Я стояла, переминаясь с одного костыля на другой, и улыбалась всем прохожим, чувствуя, как настроение улучшается с каждой секундой. Вдруг до меня донеслись звуки виолончели. В изумлении взглянув в ту сторону, откуда они шли, я не могла поверить собственным глазам. Саид! Саид сидел под деревом рядом с магазином, куда Оля зашла за продуктами и глядя на меня, играл! Для меня! На морозе!..

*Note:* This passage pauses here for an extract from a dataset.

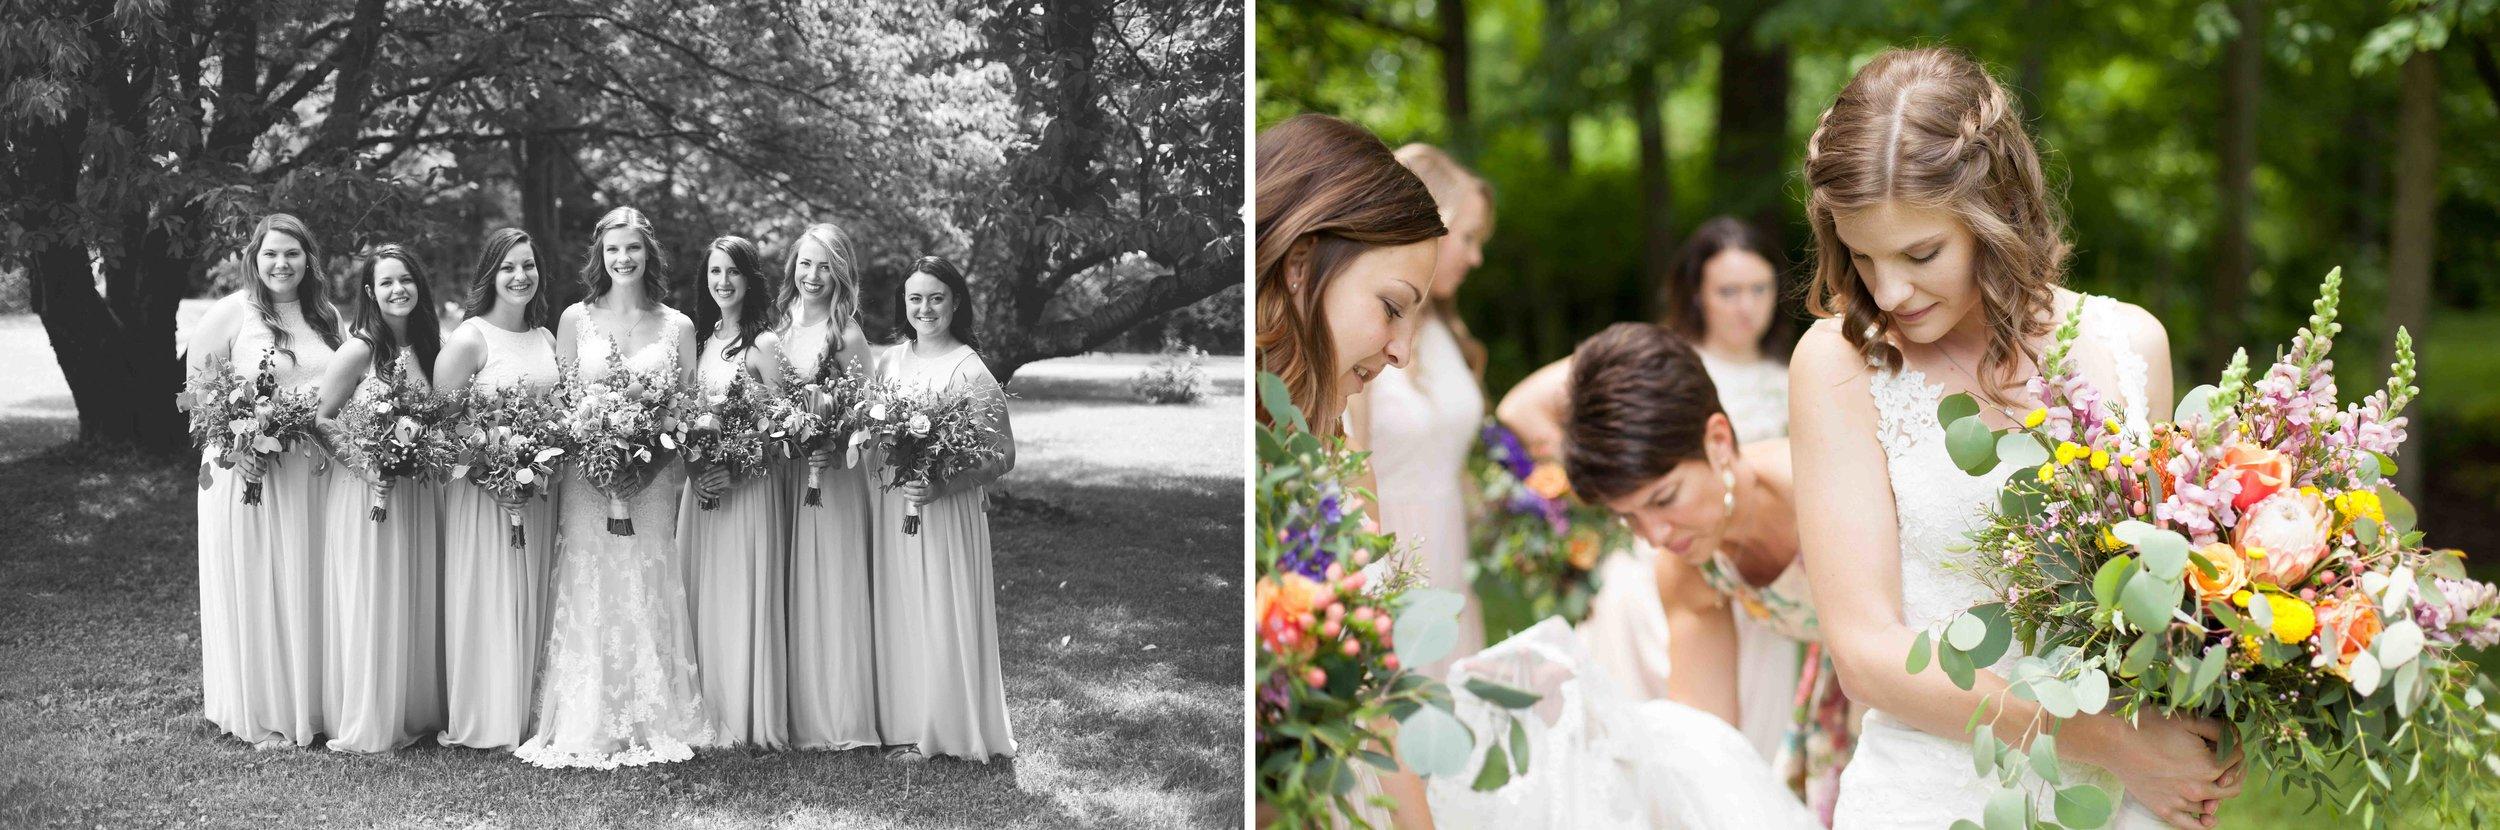 bb cincinnati wedding photographer girls0001.jpg

В душе будто поднялась огромная волна, превратившись в огненную птицу, захлестнувшую разум и вылившуюся наружу чувствами безудержной радости и любви. На глаза навернулись слезы счастья.

Музыкант!..

Все мое существо потянулось к его звукам. Он сидел недалеко от меня, одетый в белые нитки инея. Его руки покраснели от холода, но, казалось, он этого не замечал совсем! Он играл так самозабвенно, так страстно, будто хотел доказать мне, что ничто не сможет помешать ему наслаждаться его любимой. Глаза его были закрыты. Он был полностью во власти любви: она струилась из каждой части его тела и мерцала солнечными бликами, завладевая моим сердцем и наполняя его калейдоскопом радости и блаженства.

Я восхищенно следила за каждым движением его руки: смычок поднялся в воздух, и замер на долю секунды, вихрем пронесся по инструменту и снова замер… Сказка буквально оживала на моих глазах! Добрый волшебник взмахнул палочкой, и любовь, сладко спавшая внутри моей души, проснулась.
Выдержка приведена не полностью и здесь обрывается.